Relatos Cortos

Dulce Jenny

El capitán del “Escuadrón de combate número 322” del ejército estadounidense les gritó que se dirigieran todos a sus puestos en la trinchera: el ataque había comenzado. Paul no podía moverse. Le costaba que las piernas reaccionaran a la orden que había vociferado el superior. Como si de una mala pesadilla se tratara, se dirigió a su puesto. Sus fosas nasales se dilataron cuando recorrió con la mirada los cuerpos sin vida de sus compañeros. Los músculos del rostro se le contrajeron, a la vez que los ojos amenazaban con salírsele de las cuencas y una gota de sudor le recorría la pálida frente. Todos sus músculos comenzaron a temblar, siendo presa de continuas convulsiones, y el arma amenazó con caérsele de los dedos. Apoyó la espalda en la húmeda pared de la trinchera y su cuerpo se deslizó hasta el suelo, convirtiéndose en un amasijo de carne y huesos encogido sobre sí mismo. Su boca se abrió y una gran bocanada de aire le inundó los pulmones. La mano apretó en el bolsillo el rosado pañuelo, exquisitamente bordado con una dorada J.  Cerró los párpados; una cálida sonrisa le iluminó el rostro, en tanto que sus helados brazos rodeaban el pecho adolescente en un intento de abrazarse a sí mismo, apretando así el inerte subfusil contra él.

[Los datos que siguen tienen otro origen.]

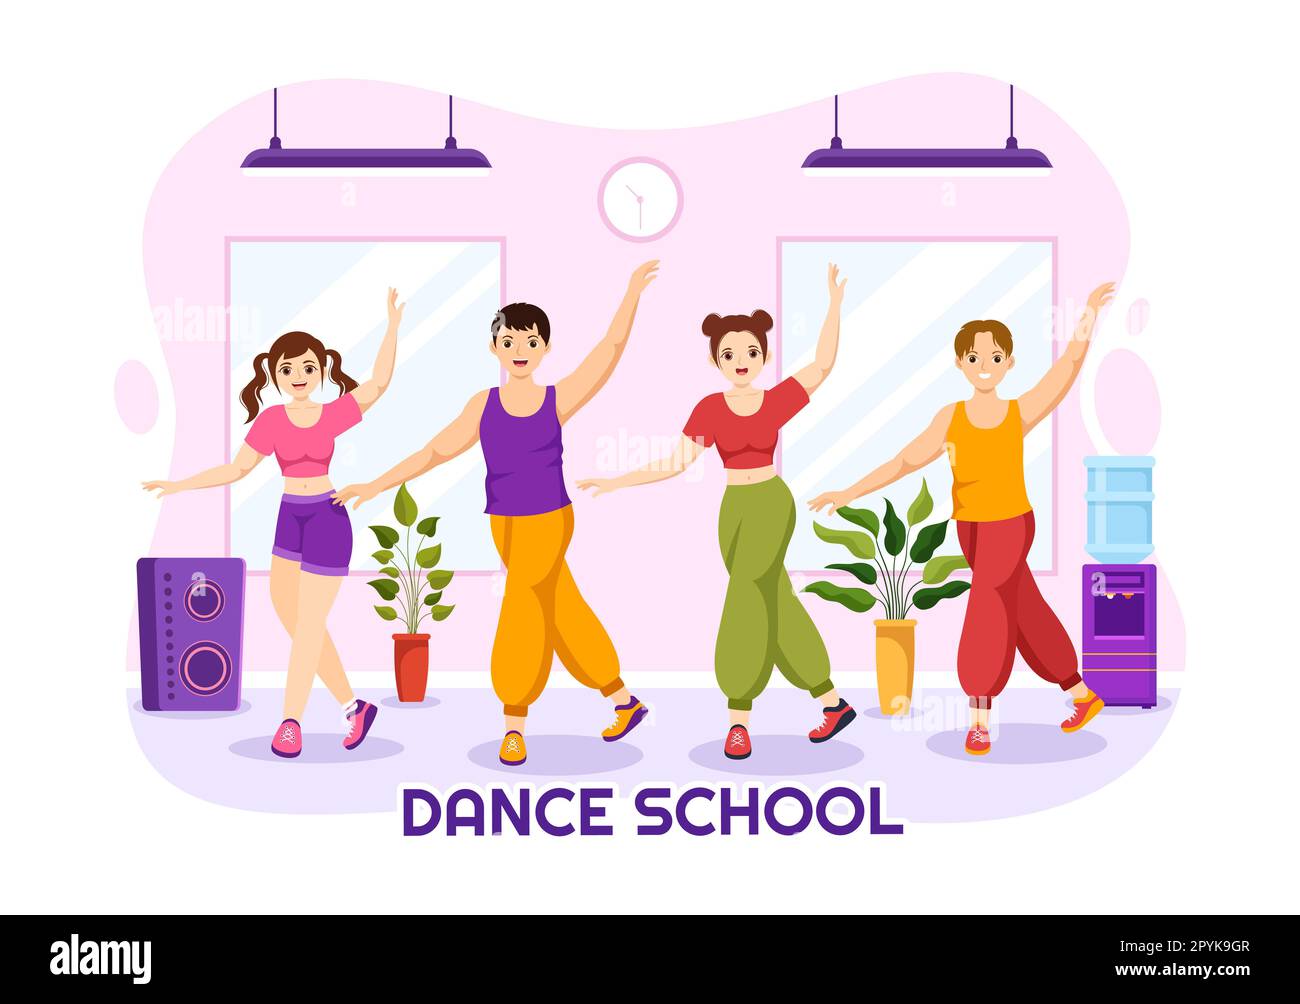 École de danse Illustration des personnes dansant ou choreography avec l'équipement de musique en studio en Flat Cartoon modèles de page d'arrivée dessinés à la main Banque D'Images

Con el recuerdo en su retina de dieciséis años, tanteó dentro de la bolsa intentando buscar la munición de su Thompson. No la encontraba. Los febriles dedos escarbaban dentro del zurrón sin conseguir localizarla. La joven y desencajada mirada recorrió todo lo que le rodeaba. Las voces furiosas de los soldados junto con el silbar de las balas le taponaron los oídos. Las manos ennegrecidas dejaron caer todo lo que sostenían y volaron a tapar sus orejas. El cuerpo laso del muchacho se escurrió otra vez por el frío muro de sacos de arena. Se sentó apretando las rodillas con el pecho y cerró los párpados. Volvió a abrazarse, como había hecho hacía unos instantes.

El maltrecho y ribeteado pañuelo rozó sus dedos. La misma cálida sonrisa regresó a su rostro, para desaparecer una fracción de segundo después. Un sudor helado le recorrió la nuca cuando el ruido de la guerra le sobresaltó, alzándolo de golpe. Apretó los puños y en sus ojos se reflejó el fuego de la batalla. Volvió a buscar frenéticamente dentro de la bolsa… Un pequeño grito de triunfo escapó de su garganta cuando extrajo las balas de la mochila.

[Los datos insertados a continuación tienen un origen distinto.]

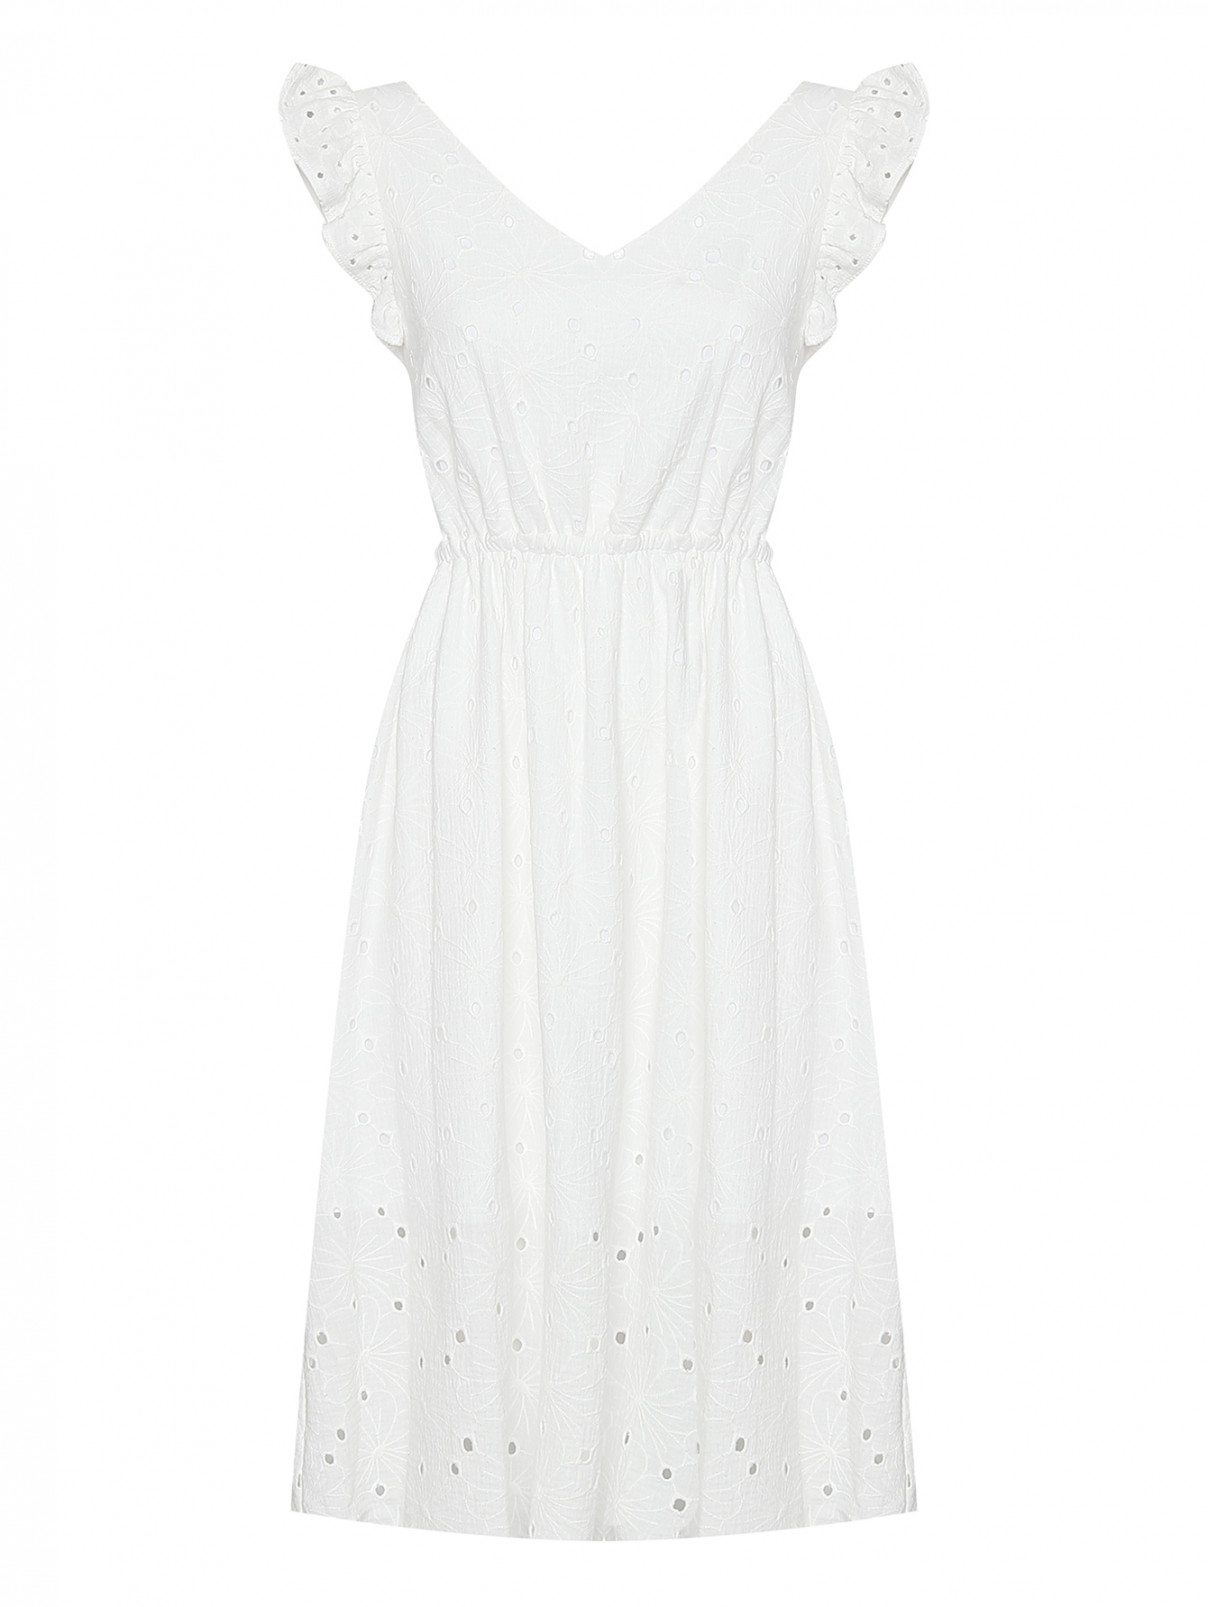 Платье из хлопка с вышивкой ришелье Paul Smith  –  Общий вид  – Цвет:  Белый

Con manos temblorosas consiguió cargar el arma. El frío se filtraba por todas las rendijas de su deshilachado uniforme y el agua se colaba por el agujero de su vieja bota. Se colocó en posición, dispuesto a disparar…; y el subfusil se encasquilló.

Todo se volvió a derrumbar. Sus ojos enrojecieron, sus fosas nasales se dilataron y apretó fuertemente los dientes. El ruido sordo del arma chocando contra el suelo se entremezcló con sus gritos y alaridos. Los puños del soldado volaron por toda la trinchera golpeando cualquier cosa que encontraran en su camino. No era consciente de la sangre que manaba de los nudillos, en tanto que las piernas buscaban incontroladamente cualquier objeto que poder patear. Tras unos minutos, esos músculos agotados se detuvieron en seco. Observó el arma encasquillada y abandonada a sus pies. Volvió a cogerla, apretó el gatillo: seguía encasquillada.

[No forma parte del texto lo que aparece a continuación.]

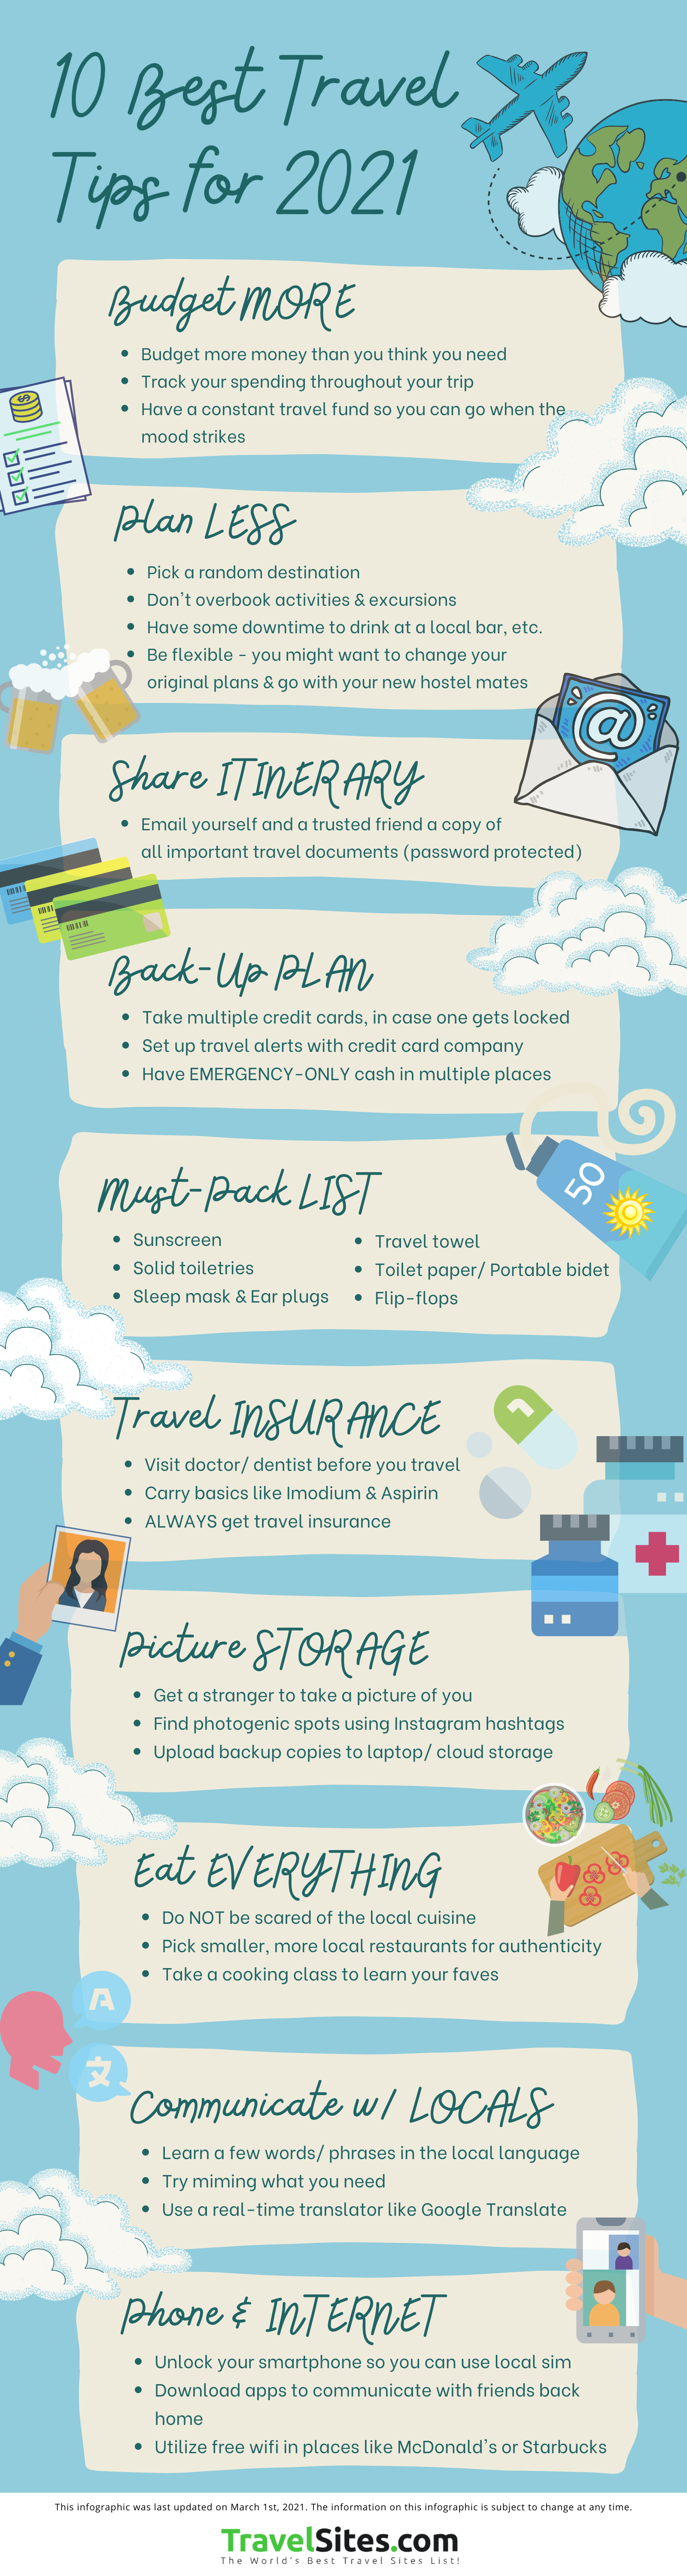 10 Best Travel Tips for 2021

La arrojó contra el suelo. Dirigió el brazo hacia ella, pero a medio camino se detuvo. Elevó el rostro y la mirada vacía divisó el sangriento y desolado horizonte mientras caía de rodillas en el barro de la trinchera. Agachó la cabeza y hundió sus heladas manos en el fango. Se incorporó y volvió a rozar el pañuelo. Cerró los párpados y la cálida sonrisa retornó a su cara.

Tomó de nuevo el Thompson… Lo colocó en el borde del parapeto. Entrecerró los ojos… Y disparó. El dedo se movía frenéticamente sobre el gatillo, a la vez que su boca gritaba, con toda la rabia que cabía en su pequeño cuerpo, el nombre de su chica: “Jenny”.

En una fracción de segundo todo se apagó en la trinchera aliada. Al rugido ensordecedor de la explosión siguió el más obscuro de los silencios, testigo mudo de la devastación más absoluta.